Material for this task:

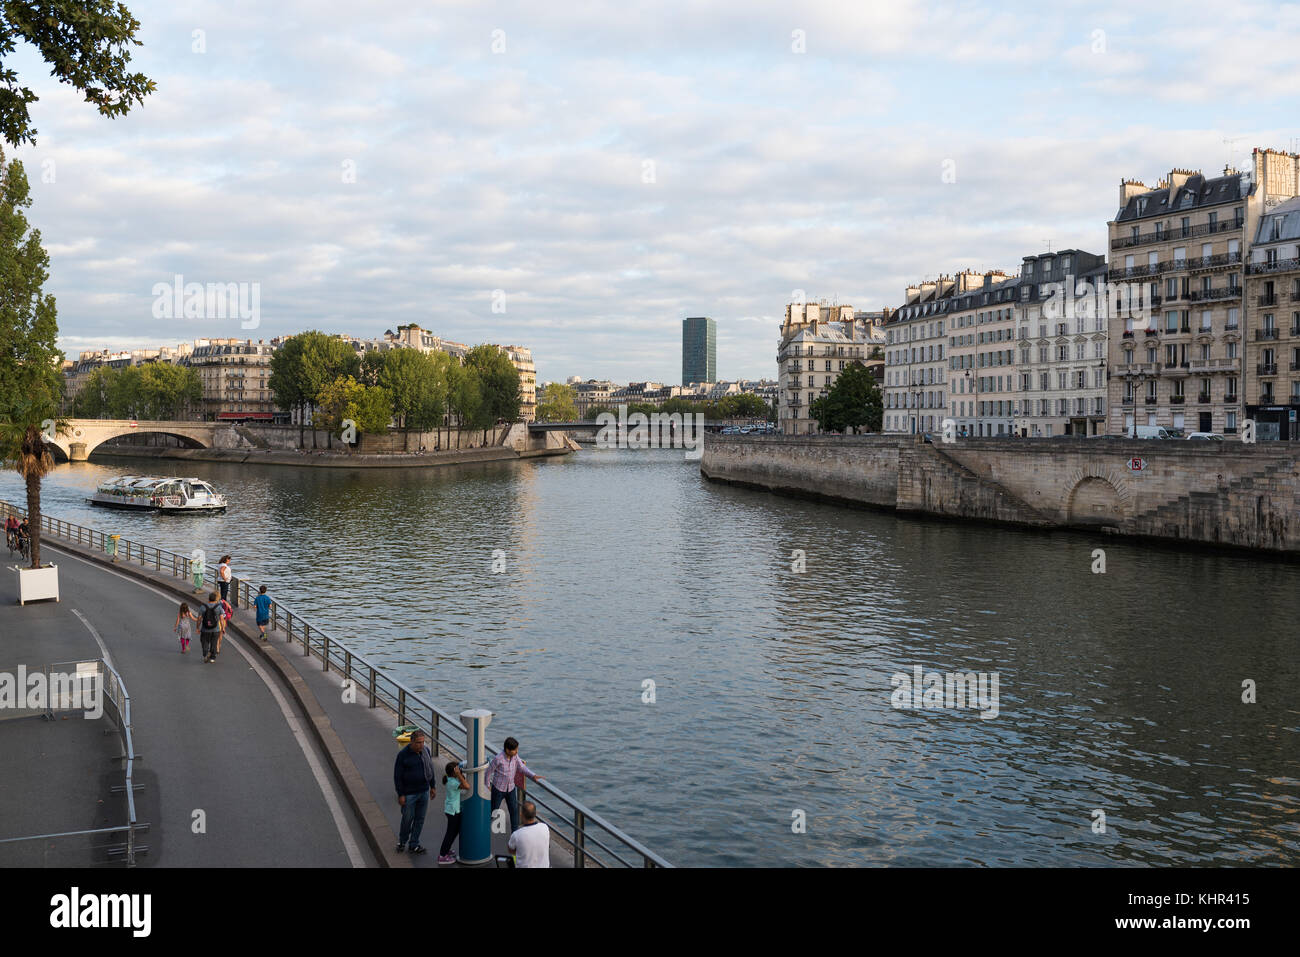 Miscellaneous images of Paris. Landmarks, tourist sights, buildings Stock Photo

---

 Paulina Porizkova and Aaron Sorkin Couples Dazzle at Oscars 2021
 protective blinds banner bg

...

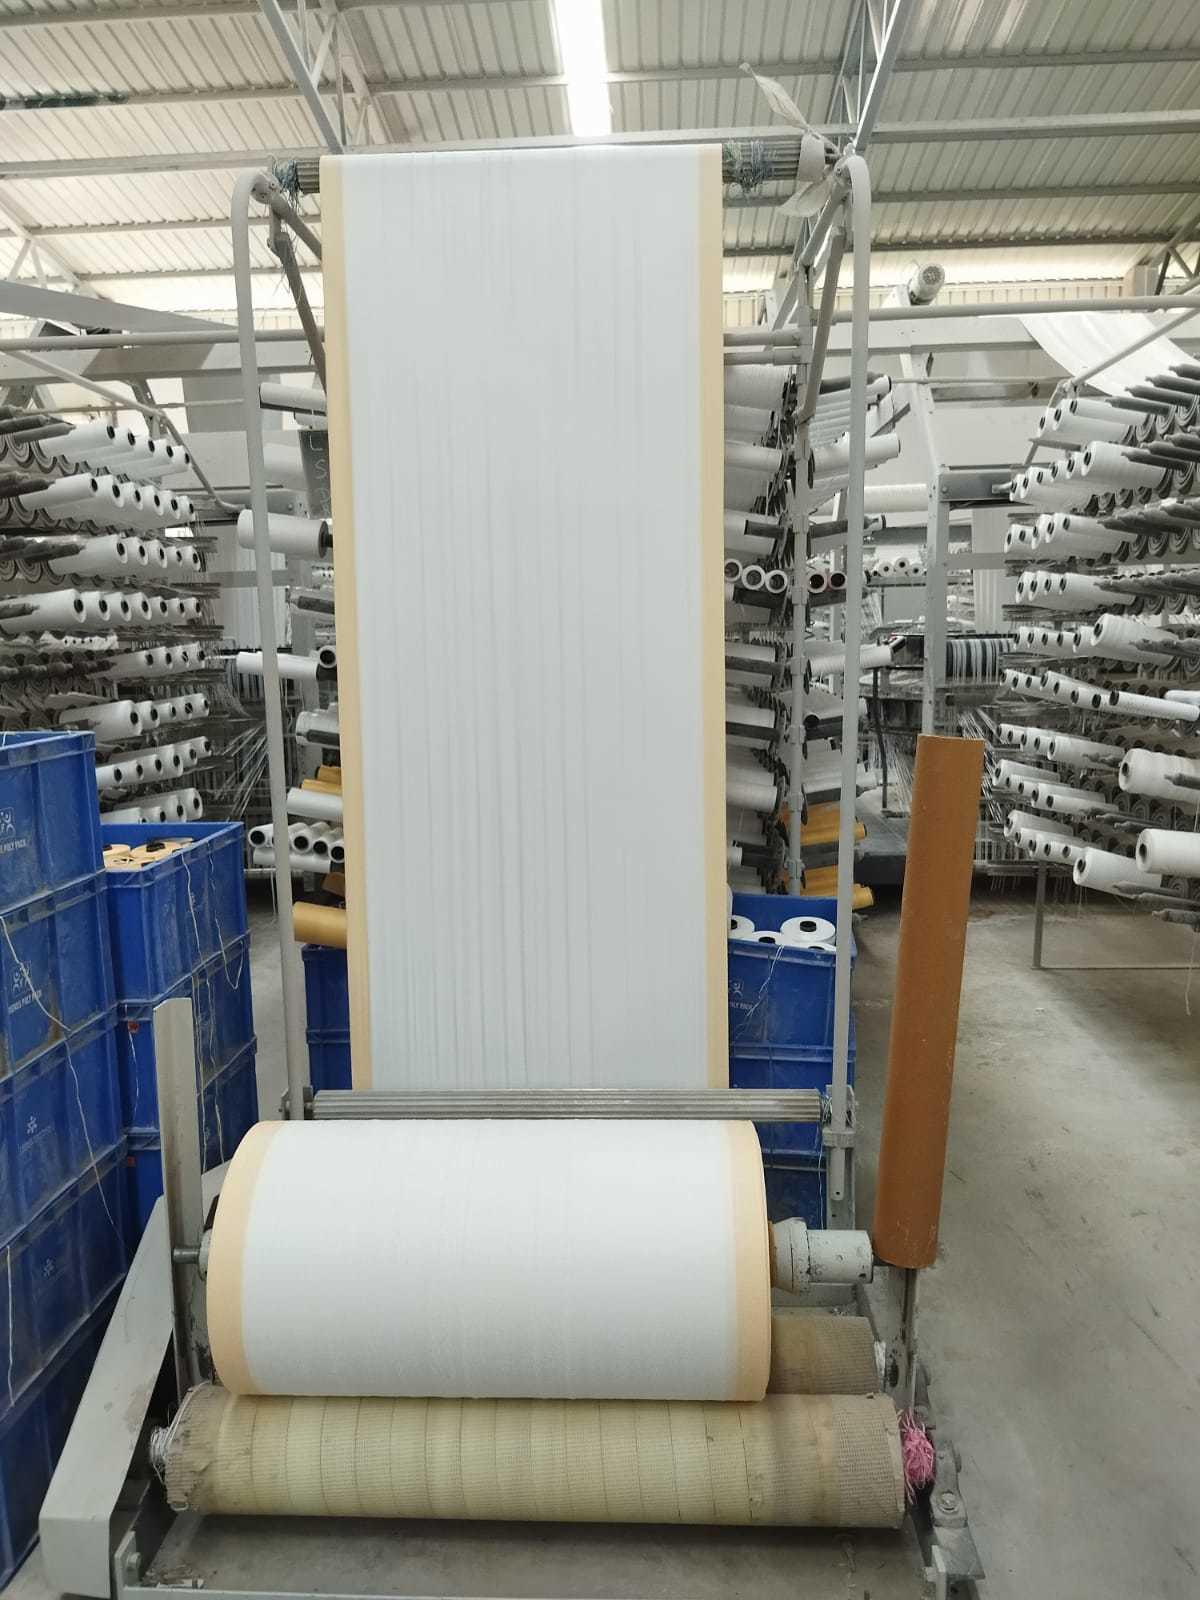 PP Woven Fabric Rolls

What you will do: Copy out each line of the data above, exactly, if it lies between the line holding "Paulina Porizkova and" and the line holding "protective blinds banner bg", inclusive; copy no other line.

Finished exercise:
 Paulina Porizkova and Aaron Sorkin Couples Dazzle at Oscars 2021
 protective blinds banner bg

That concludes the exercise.